Your question is well out of my lane, I was just curious about the recruiter because it is common courtesy when asking a question here to let the readers know what, if any,  research you have already done.


----------



## Woody90 (Jul 26, 2018)

Ooh-Rah said:


> Your question is well out of my lane, I was just curious about the recruiter because it is common courtesy when asking a question here to let the readers know what, if any,  research you have already done.

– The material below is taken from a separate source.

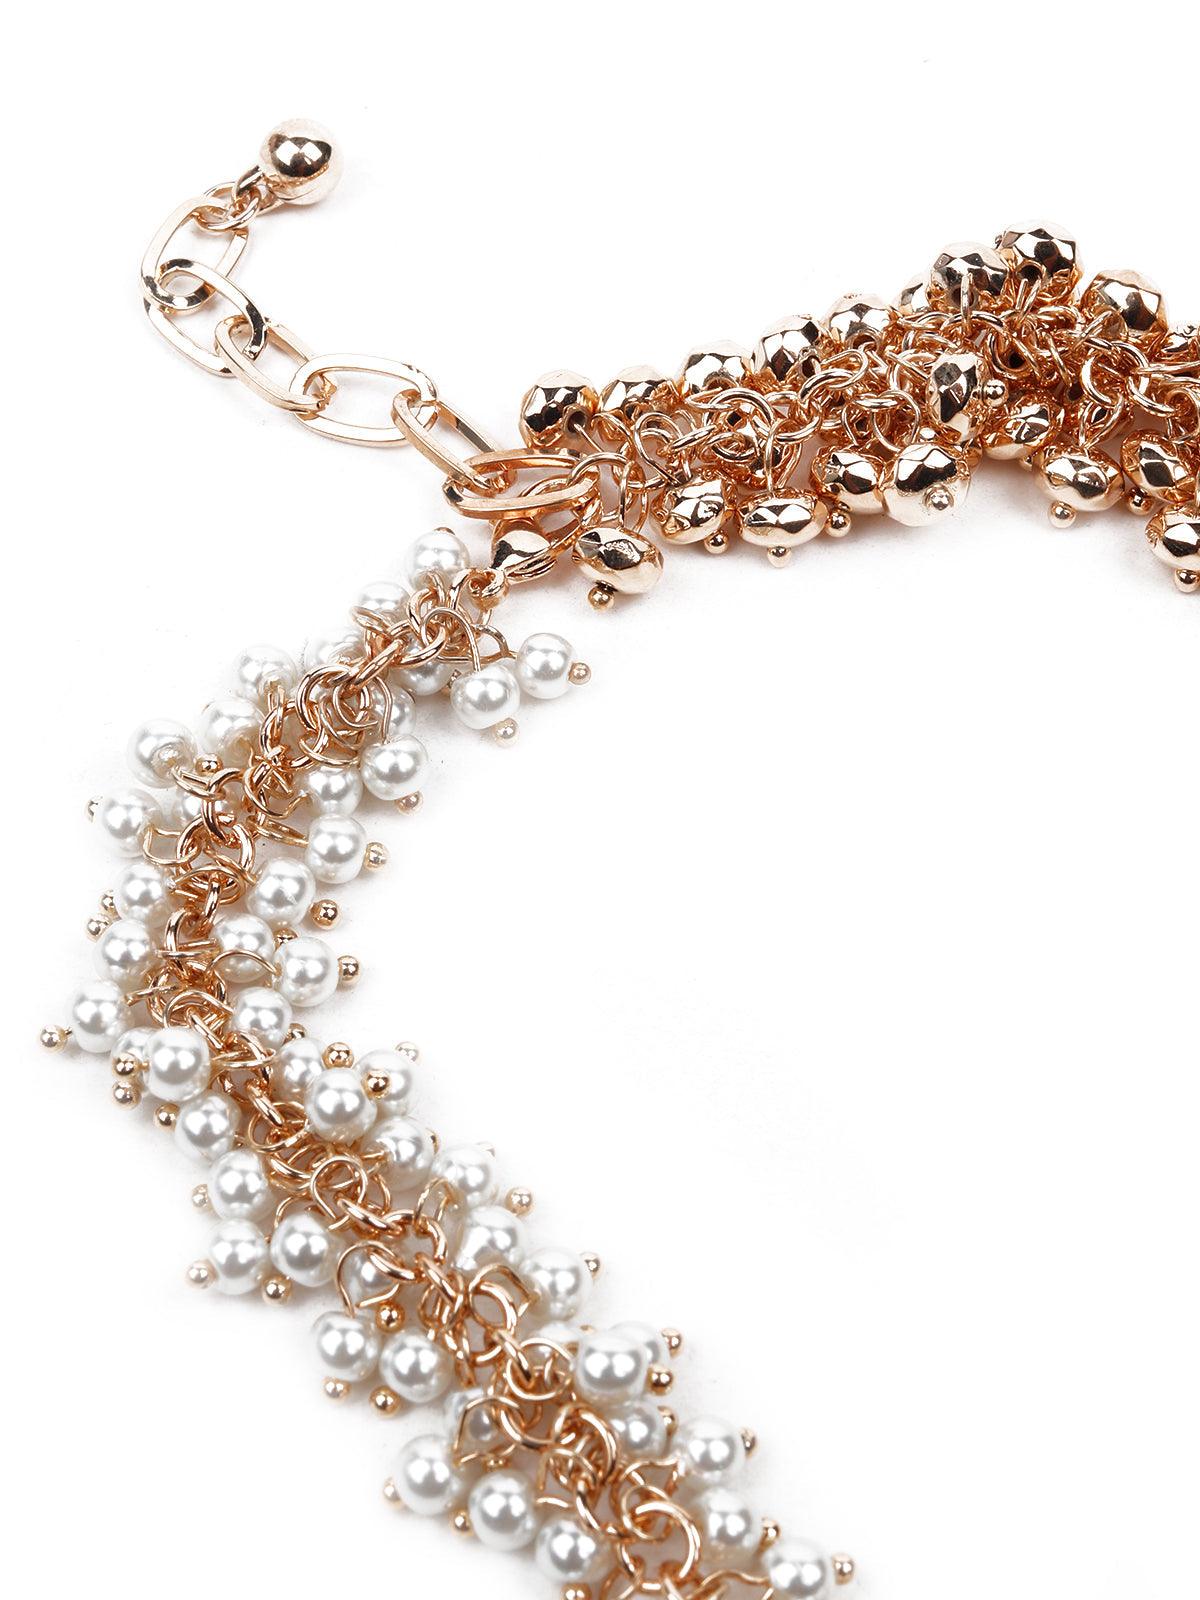 Women's Clustered White And Gold Stunning Necklace - Odette

Haven’t really talked to any recruiter. I’ve searched the internet, and it seems like the age won’t really be a problem but then again you can’t believe everything you see on the internet. I came on here to hear other people’s opinion if they were in my shoes.


----------



## Chronicler (Jul 26, 2018)

This page may have the answer you seek.

Special Forces Prior Service Applicants | National Guard


----------



## Ooh-Rah (Jul 26, 2018)

Chronicler said:


> This page may have the answer you seek.
> 
> Special Forces Prior Service Applicants | National Guard



Please leave the advice giving to vetted members who are SOF qualified.


----------



## AWP (Jul 26, 2018)

We have a member who completed the Q Course (18D) at 34 or 35. A guy completing the Q in their 30's is not that unusal, just be aware that the clock is ticking on your body's ability to perform and recover.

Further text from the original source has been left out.